暗転とともに大きな拍手がわき原田季征(Gt)、吉橋伸之(Ba)、渡部"PxOxN"寛之(Dr)、そしてキーボーディストが登場しディープなセッションを繰り広げる。茂木が登場しておなじみの口上を述べると一段と場内のテンションが上がる。「SOMATO」、そして『VINTAGE』からの曲「BE ALL AROUND」、「REAL SIGN」と続き、冒頭から容赦なく濃厚なアンサンブルを轟かせ、歌を、言葉を会場の隅々まで響かせた。曲中、茂木は"よく来たな"と観客に呼び掛ける。普段ならなんてことないその呼び掛けも、今は胸に染みる。そして何よりもステージから放たれるサウンドが、豊かで力強く、確かに今を刻んでいる密度の高さと開放感があって最高だ。「SO LONG」のしなやかなグルーヴに観客は身体を揺らし、コブシをあげる。"ライヴっていいな"。茂木はそう言って目を細める。「AGAIN AND AGAINST」のメロウなメロディで会場の空気を上昇させ、「FAKE SPEAR」で哀愁のスカ・ビートを刻むと、「日はまだ高く」で"真上に跳べ"とフロアのエネルギーをまとめ上げていく。いつもは大合唱となる曲に観客の声がないのは寂しくもあるが、バンドの持つ迫力、"ライヴ"という臨場感が失われることはない。ライヴ・バンドとして積み重ねてきた矜持、ソウル、尖った熱情が、こういう状況だからこそ赤裸々となる。その骨太な姿勢が眩しい。またコロナ禍の今だからこそのセットリストが、中盤に据えられたアコースティック・セット。きっかけはOAUの無茶ぶりから始まったアコースティックだったという。いつものライヴなら、図太いグルーヴとアグレッシヴなヴォーカルで激しいモッシュを起こしていく「Unscramble」が、歌心引き立つミディアムなアコースティックで紡がれた。こうした新たな時間も、いい。

"ヴィンテージという言葉は、昔は好きじゃなかった。古いものが気取りやがってと。でもいつしかそれが好きになった"と茂木はMCで語る。そして、いつしかこうして椅子のある会場やマスクをして声が出せないようなライヴが、プレミアになる日がきっと来るんだということを語った。この言葉から語り掛けるように「ヴィンテージ」を歌い、グッと濃厚な後半へと突入していく。『VINTAGE』からの曲とライヴ定番曲とが交じり合い、新たなうねりを生んでいる。攻撃的なギター・リフにボルテージが上がる「FOUNDATION」、グッド・メロディからエモーショナルにアクセルを踏み込む「Fire」、そこから泣きのコードと重厚なアンサンブル、畳み掛けるヴォーカル、シンガロングに胸が熱くなる「Too oLD To KNoW」へと続け、「ダディ・ダーリン」でマックスの感情をさらに爆発させる。
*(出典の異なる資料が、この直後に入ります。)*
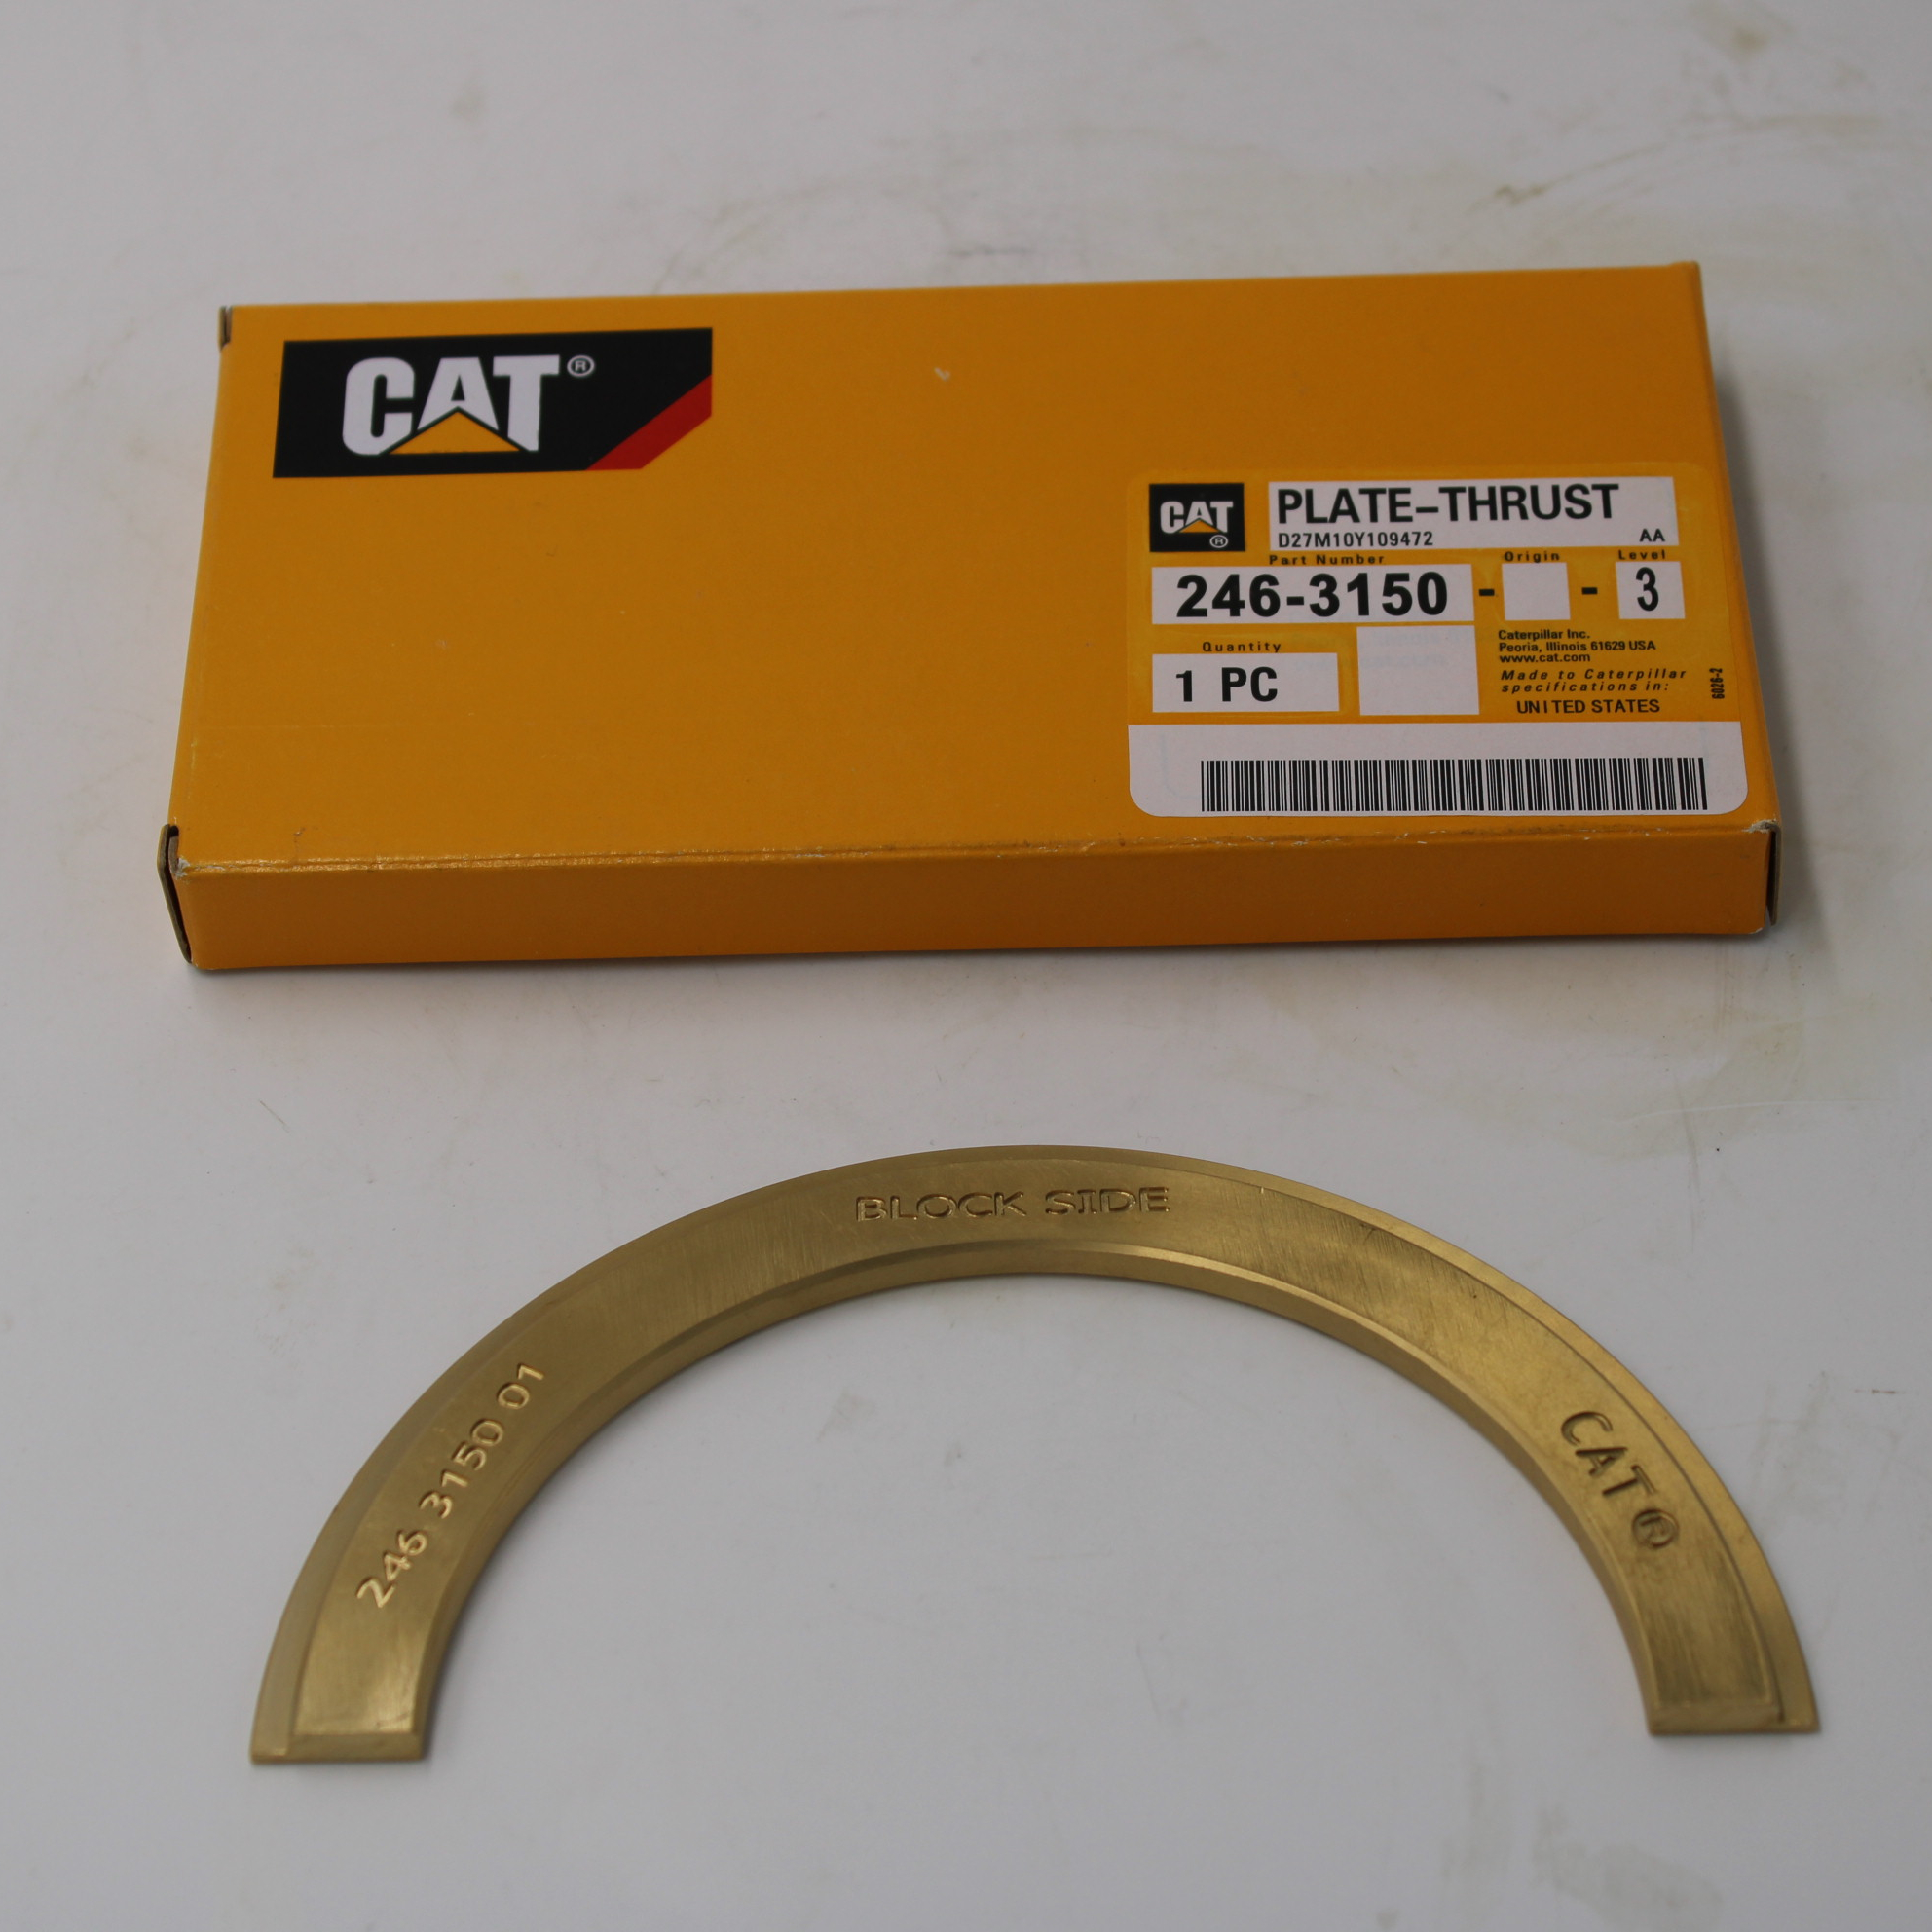 High quality cat 330D / 336d / 340D / 340d2l excavator C9 engine thrust plate 246-3150

フロアの拍手も熱を帯びて、波を起こしていく。コロナ以前のように、茂木がフロアに飛び込んだり、あるいは気持ち良くMCしている最中に"早く曲やれ"なんてヤジが飛んだりすることもない(茂木はそのヤジも懐かしいと言う)。G-FREAK FACTORYのライヴとしてはかなり制限のあるライヴだ。なのだが、この日、もの足りなさがあったかと聞かれたら、それはなかった。コロナ禍で様々に趣向を凝らし、今だからこその試みをするバンドやアーティストも多く、新たな味わいや楽しみを生んでいることと思うが、G-FREAK FACTORYはいつも通り、正攻法で、真摯なステージを行った。コロナ禍の制限が、音楽を損なうことはないことをストレートに観客に撃ち込んだライヴだ。心地よい余韻のなか、アルバム同様「呉々も日の暮れと」で本編を終えた。

アンコールでは、この日が早く来てほしいと願いながらも、もうすぐツアーが終わってしまう複雑な思いを語り、しかしこうして再びライヴハウスに戻ってこれた喜びを観客と分かち合った。そして「EVEN」など3曲を披露すると、"いつかこのマスクが外れる日までどうか達者で。必ず会いましょう、G-FREAK FACTORYでした"と、ツアー・ファイナルを締めくくった。